I was recently listening to one of my clients talking about how she keeps taking the same actions over and over again. She described how she felt it wasn’t her the one deciding, or at least, not being able to control her choices. Maybe, by now, you are already asking yourselves, what does she mean by that? Did someone cast a spell on her? Is she being manipulated by someone else? The response to those questions, although not literally, is: yes…YES?! Let me explain what she was talking about, before I answer why she may be suffering from all of the above:

When she was talking about constantly repeating some behaviours, she was describing how she always ends up being in the same kind of relationships: friendships, couple’s relationships, relationships with colleagues, etc., where she feels she is always used by others. She was talking about the different characteristics that she sees in these people, but only after she realizes she has been used and sometimes even abused.

“Why am I not being able to see those traits at first?!” she screamed in my office while scratching her skull with both hands.

“It is quite simple”, I explained, using this phrase somehow sarcastically. “You´ve been allowing your “automatic - pilot” to make some of the important decisions in your life”, I continued.

“Automatic-pilot?” she asked, “What the heck do you mean by that now?”

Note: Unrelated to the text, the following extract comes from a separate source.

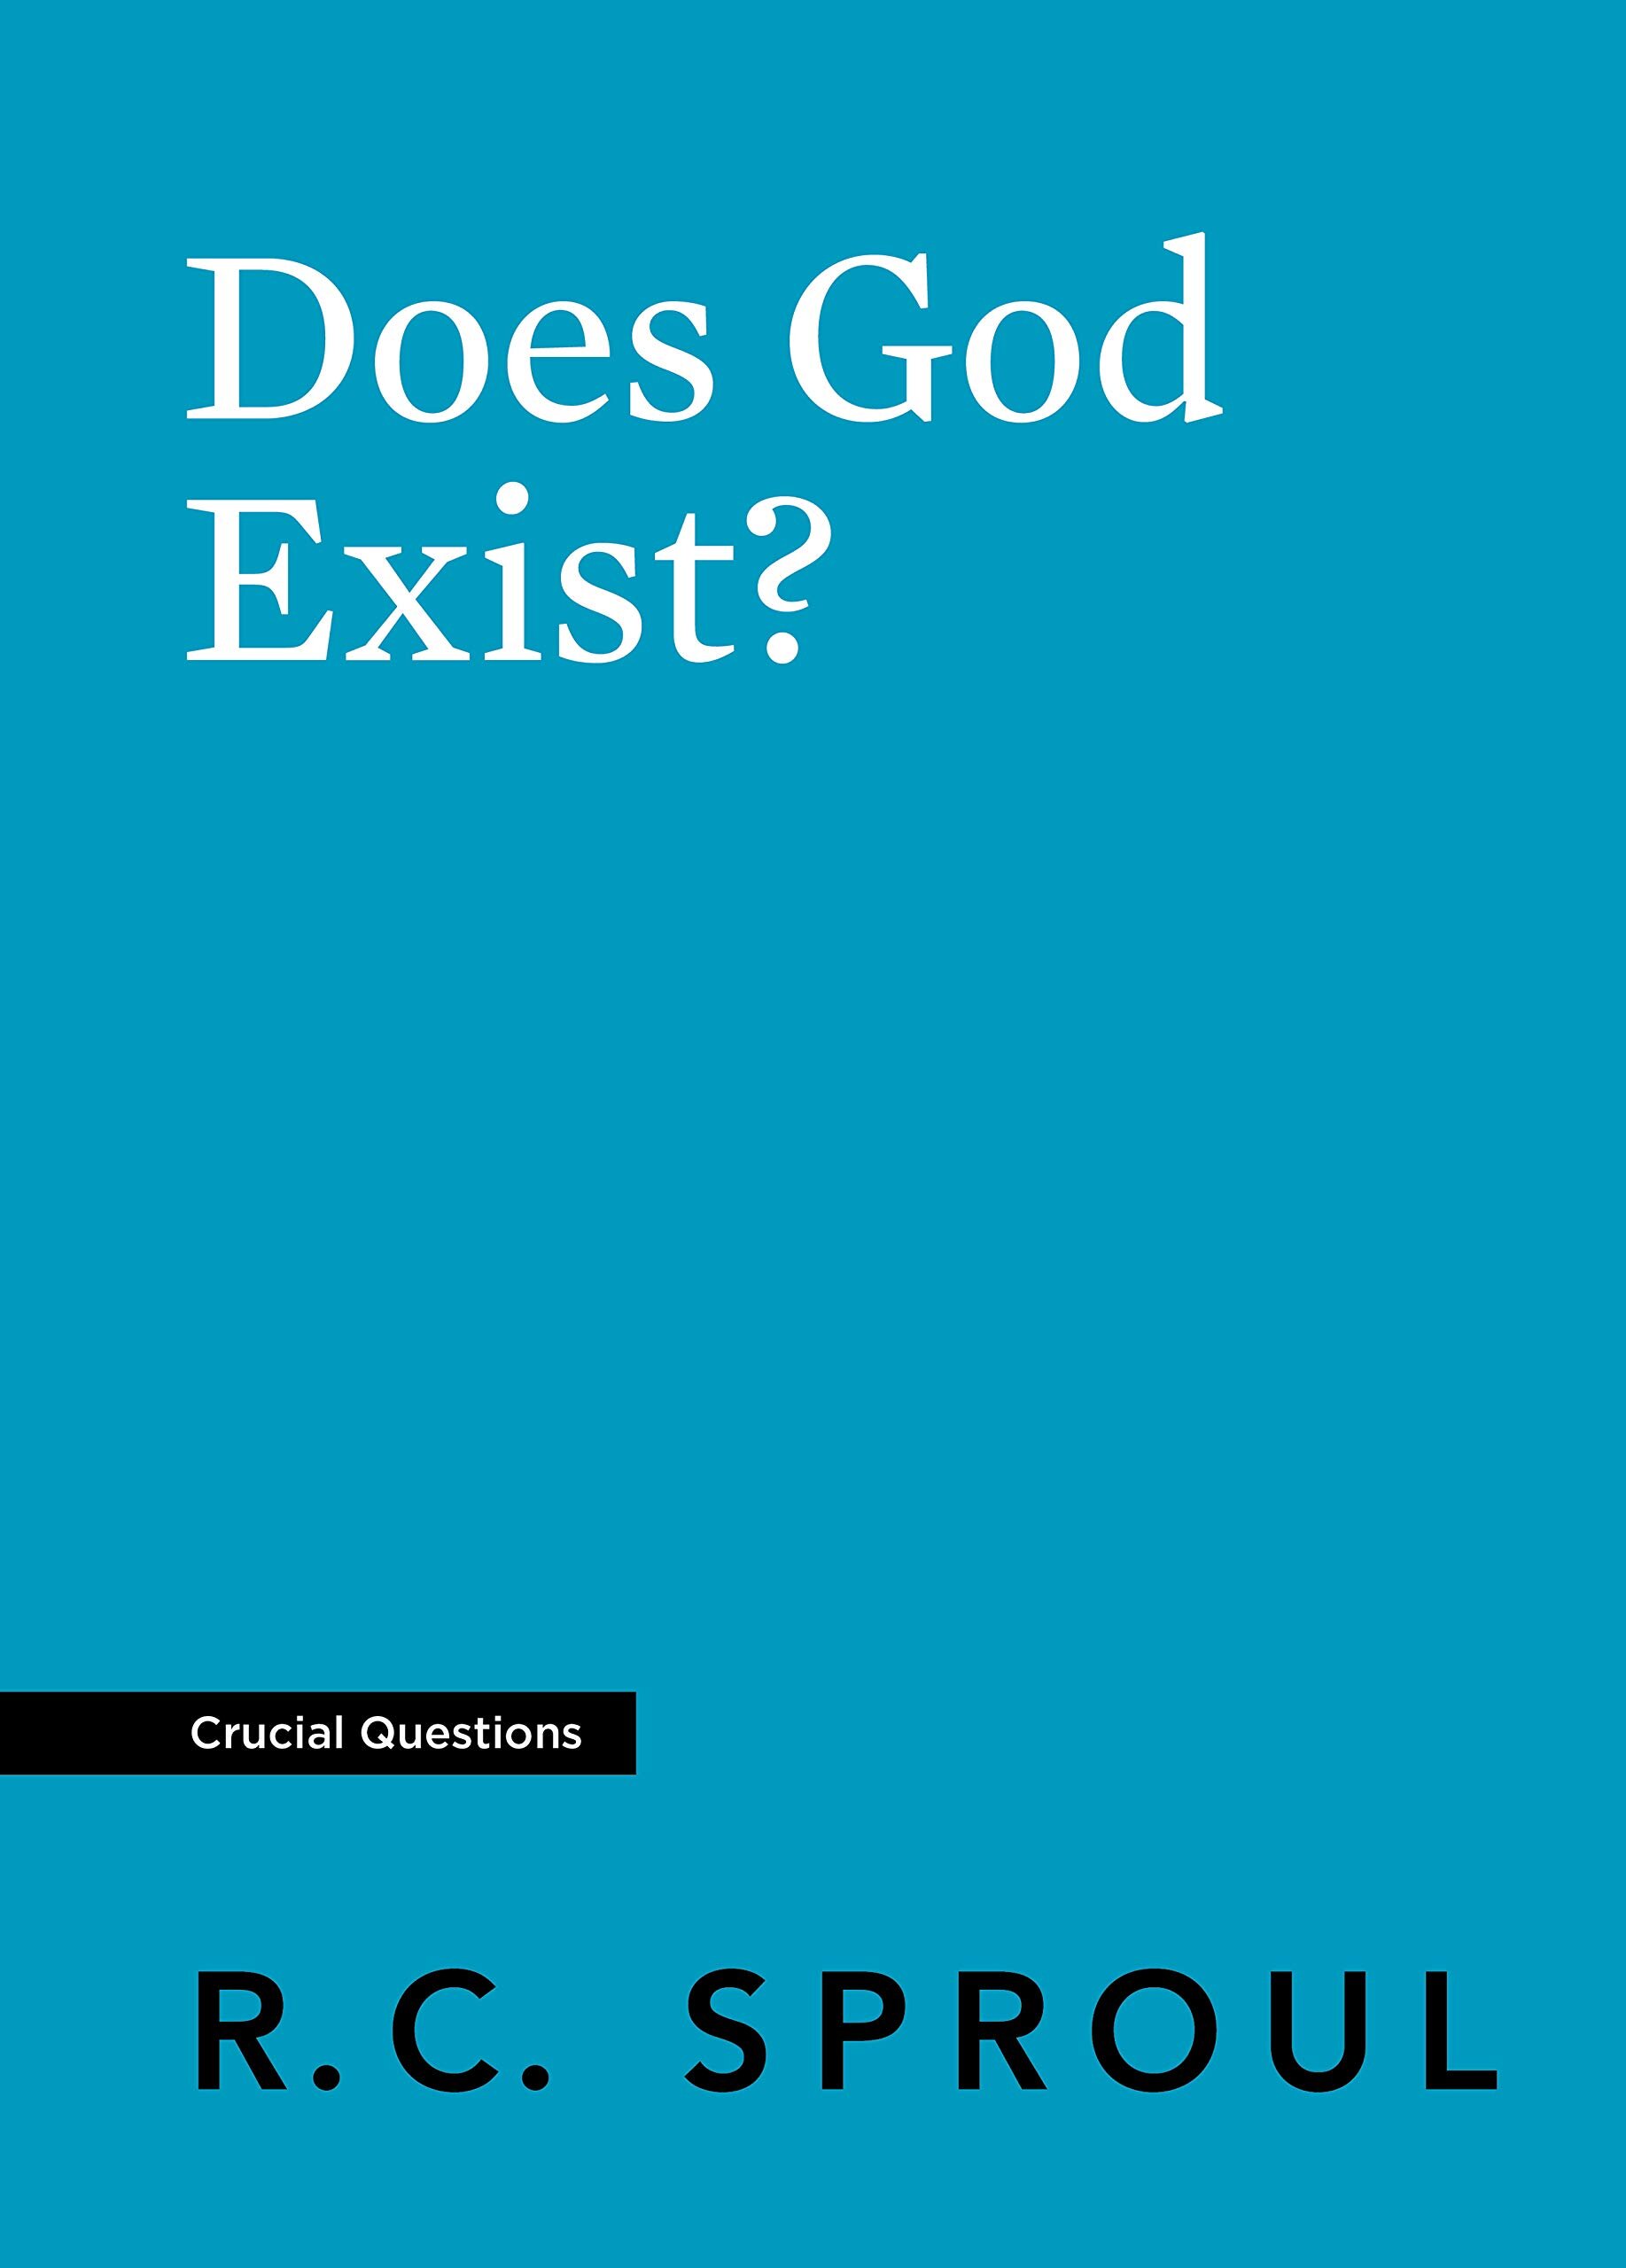 apologetics - does God exist.jpg

Throughout our lives we create a package of ideas; it starts when we are young, usually influenced by our parents, teachers, schools, religion, culture and some of our own life experiences. We adopt all of these ideas and we start owning them, using them to go live life as simply, and easily as possible. The problem with this “package of ideas” is that we are not the same person at age 6, or 15, or 34; and certainly our experiences aren´t the same either. But still, we subconsciously keep using the ideas that we used when we were kids because we learned 20 or 30 years ago (or more), that in that moment, it gave us good results, it worked. So, if we are not the same person as we were when we were 15 why do we keep using the “strategies” that worked well at that time? There may be different answers to this single question. For example: we got used to it, or we keep thinking it may work now.

The one I decided to focus on with my client was: because we are not aware of what is going on with our thoughts, with our minds. It is, as if we put the automatic - pilot button on several years ago and never turned it off. So, every time we find ourselves in the same situation, the automatic - pilot takes over and commands our ideas, thoughts, behaviours, etc.. We expect to have the same positive result than the one we had at one point, even if the last few times we got the opposite result. The problem here is that, when this happens, we are not consciously making any decisions.

So, going back to the initial questions: are we manipulated, or under a spell? Yes, under the automatic - pilot spell; manipulated by it and our lack of awareness.

As Ram Dass said, “As you look at many people´s lives, you see that their suffering is in a way gratifying, for they are comfortable in it. They make their lives a living hell, but a familiar one.”

How to change this? How stop living that “gratifying suffering?” Here are 6 ways to start taking back control of your own decisions:

1. Acknowledge - recognize that in certain situations or behaviours, you have been living on automatic – pilot, and that is OK.

2. Accept it - Do not judge yourself for it. Accept that it is OK in a gentle compassionate way.

3. Flags - identify signals of behaviours that keep repeating and actualizing themselves in different situations or relationships.

4. Awareness - bring awareness to your actions. Start small, while brushing your teeth or shampooing your hair, bring all of your attention, all your senses to those 2 or 3 minutes that you spend doing that. Then start expanding them to other behaviours and even thoughts.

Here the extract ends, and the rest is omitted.